As to his career in weed, Rosillo now has his own company: Hemp Americana. “The energy to grow the horn of finance has been very hard,” he said. “Even though I surround myself with experts. Sometimes I do not understand what they are talking about. Medical marijuana is just a name. To make it look good. It’s the same marijuana.
“There’s no medical or non-medical—as long as the marijuana is not grown with pesticides, that it’s kind of organic. The field of marijuana has developed incredibly. You can get a marijuana to go to sleep… another one to get up… one to get hungry… another one not to eat.
“The point is that we are a federal company, regulated by the feds," Rosillo said. “Right now there is a chance that [Andrew] Cuomo [the New York governor] might legalize it. [Cynthia] Nixon [Cuomo’s election primary rival] has said it has to be legalized.”
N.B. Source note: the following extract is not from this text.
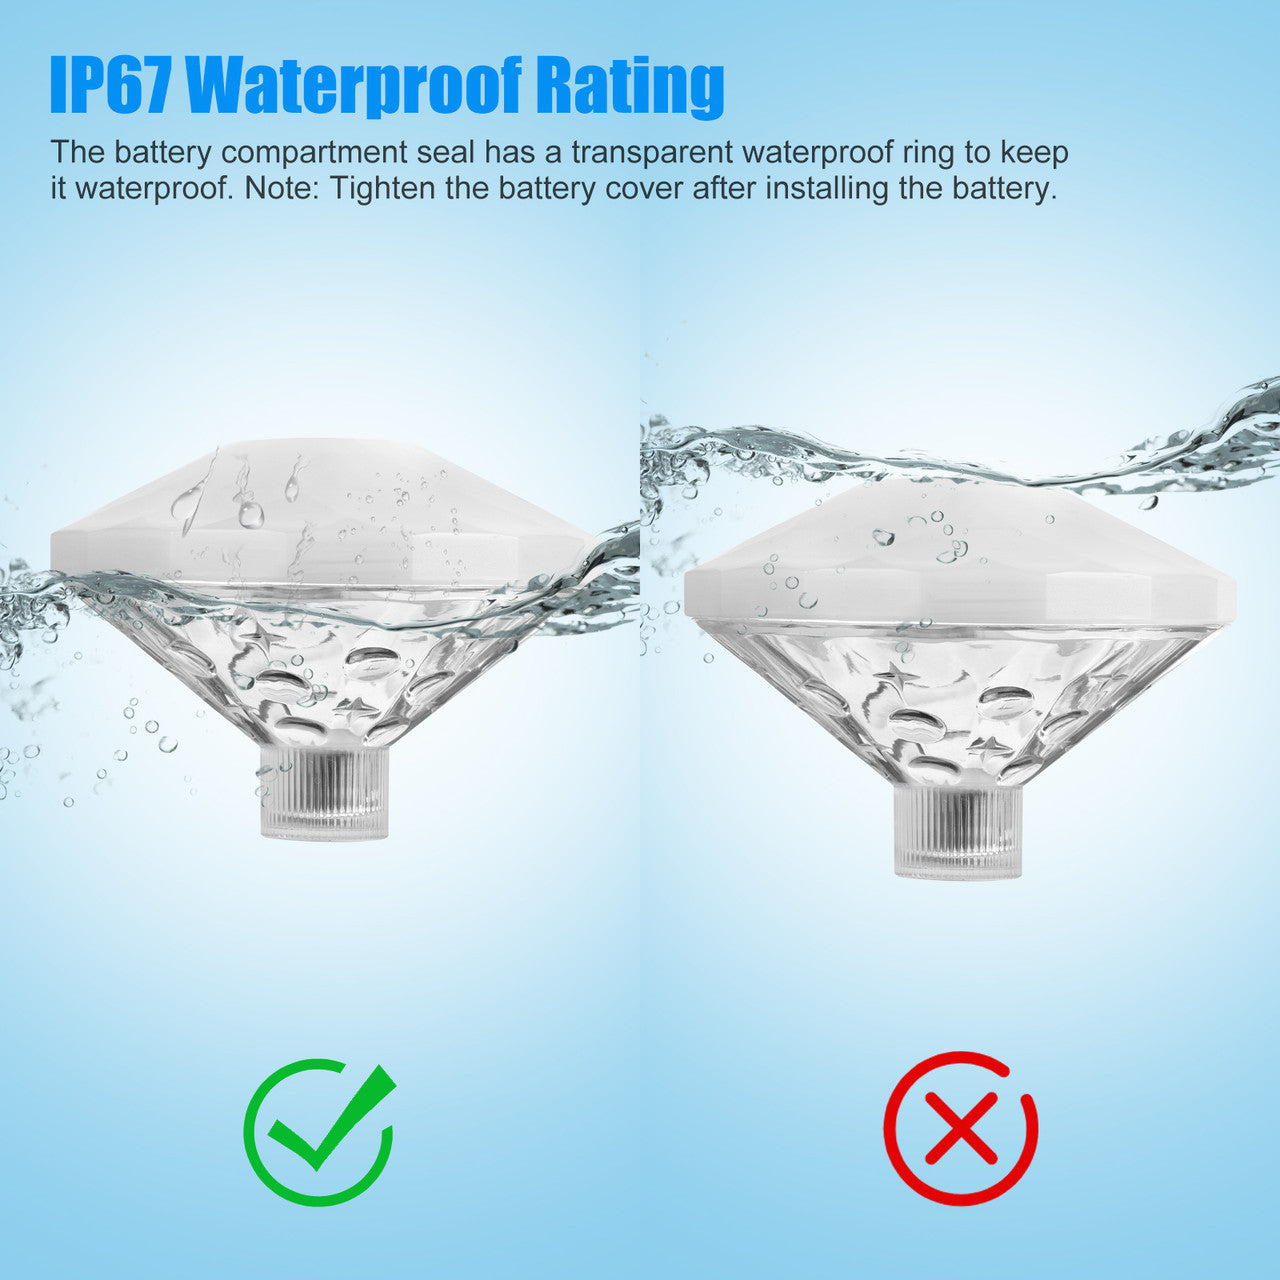 LED Diamond Pool Light with 8 Different Light Modes, IP67 Waterproof Rating, Batteries Required

There have recently been further moves towards decriminalization in New York. “It’s piecemeal, one little bit at a time, Rosillo said. “Now they won’t arrest anybody.”
So what will they do to users? Fine them?
“Nothing. They won’t do anything.”
How is Salvador Rosillo affected?
“I just want to validate my position in the marijuana movement," he said.
And just what is his position?
“In the marijuana movement I was the provider for the club. And the other half was Dana Beal.” Rosillo handled the high end, which was a tougher market. “But I found providers on the West Coast and I had the best weed possible man, you know. So I was successful in the end at providing."
And he plans to continue doing just that. “I have a company selling oils. It’s a subsidiary of Hemp Americana. We launch next May.”